**Work instruction**
Write out again, exactly, the lines below starting at the one with "Shop Liu •jo" and ending at the one with "Facade of La".

**Information**
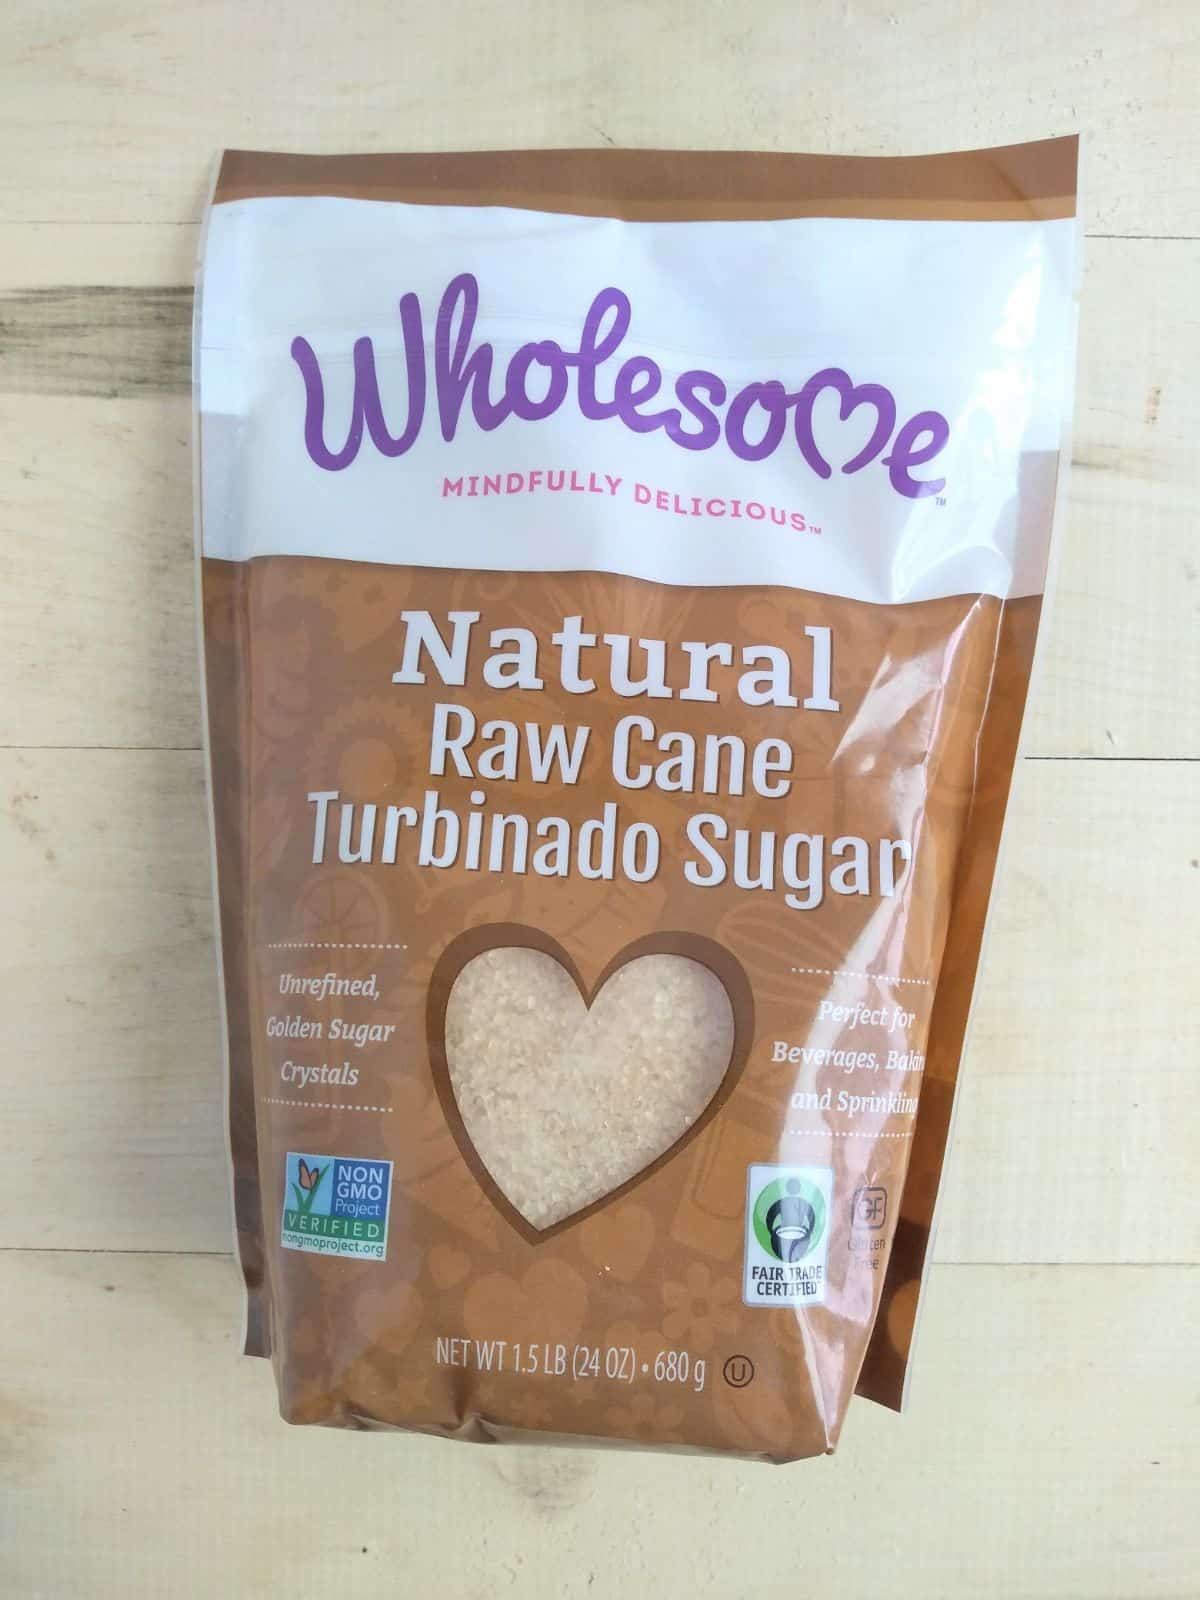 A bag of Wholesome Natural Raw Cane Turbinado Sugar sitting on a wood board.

...

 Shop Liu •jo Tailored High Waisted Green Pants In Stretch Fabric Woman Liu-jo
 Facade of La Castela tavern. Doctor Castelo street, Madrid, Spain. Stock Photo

**Your response**
 Shop Liu •jo Tailored High Waisted Green Pants In Stretch Fabric Woman Liu-jo
 Facade of La Castela tavern. Doctor Castelo street, Madrid, Spain. Stock Photo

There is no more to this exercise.